An 'Epic' win?: 6 highlights from oral arguments in Epic v. Lewis

The U.S. Supreme Court heard oral arguments Monday on a set of cases involving individual employee arbitration.

Verona, Wis.-based health IT provider Epic consolidated with Chicago-based Ernst & Young and El Dorado, Ark.-based Murphy Oil USA in arguing their companies' individual arbitration contracts do not violate the National Labor Relations Act of 1935 and are legal under the Federal Arbitration Act.

Here are six highlights from the oral arguments.
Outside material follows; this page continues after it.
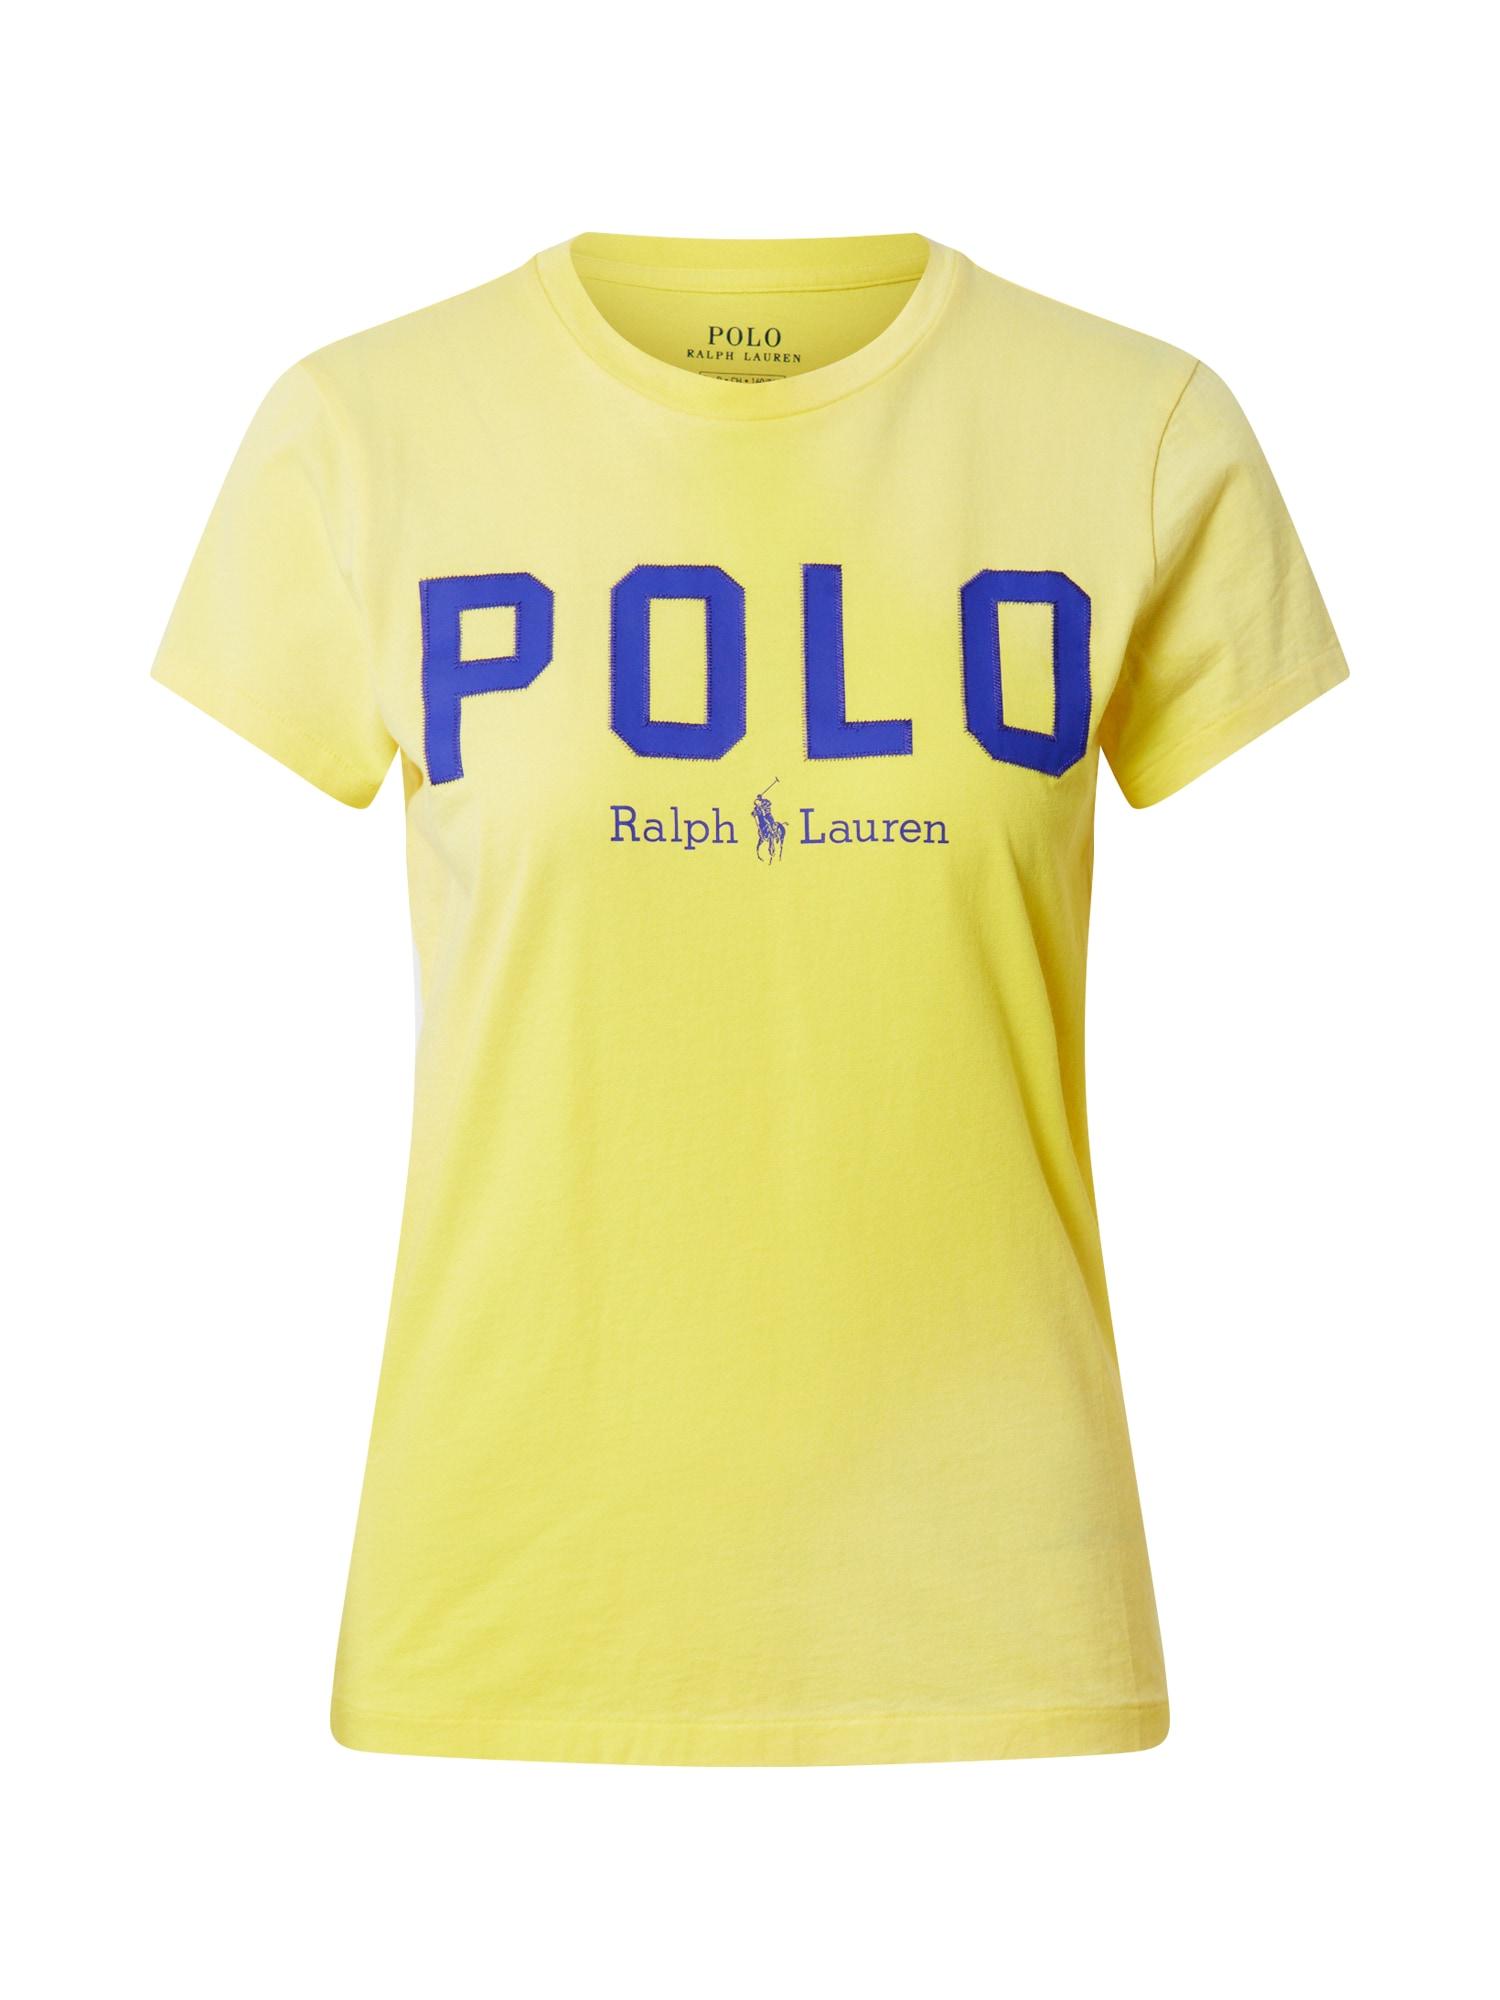 POLO RALPH LAUREN Tričko  žlté / tmavomodrá

1. Paul Clement, who argued on behalf of Epic, pushed the Supreme Court to lean on precedent — as earlier cases provide a "well-trod path" to resolve, he said. Under the FAA, arbitration agreements should be enforced unless Congress demands otherwise. In this case, it does not.

2. The four liberal-leaning justices — Ruth Bader Ginsburg, Elena Kagan, Sonia Sotomayor and Stephen Breyer — grilled Mr. Clement on how Epic's position could be argued under the NLRA. He said the NLRA only protects collective action in the workplace and provides a forum for employees to raise their grievances with employers.                                  

3. Jeffrey Wall, arguing on behalf of the U.S., originally filed a brief with the National Labor Relations Board but then sided with the employers at the turn of the presidential administration. According to Mr. Wall, the case is at the "heartland of the" FAA but at the "periphery of the" NLRA. Mr. Wall added that the court's prior cases would not lead to answers and that "historical premise is just wrong."

4. According to Daniel Ortiz, who also argued on behalf of the U.S., an employer cannot "coerce" employees into a forum that would ban collective action.

5. Justices Clarence Thomas and Neil Gorsuch, PhD, remained silent during arguments.

6. Mr. Clement is not likely to get votes from the four liberal-leaning justices, according to Amy Howe in a SCOTUSblog post. However, Ms. Howe added that Mr. Clement likely won over the three conservative-leaning justices — Chief John Roberts, Samuel Alito and Anthony Kennedy.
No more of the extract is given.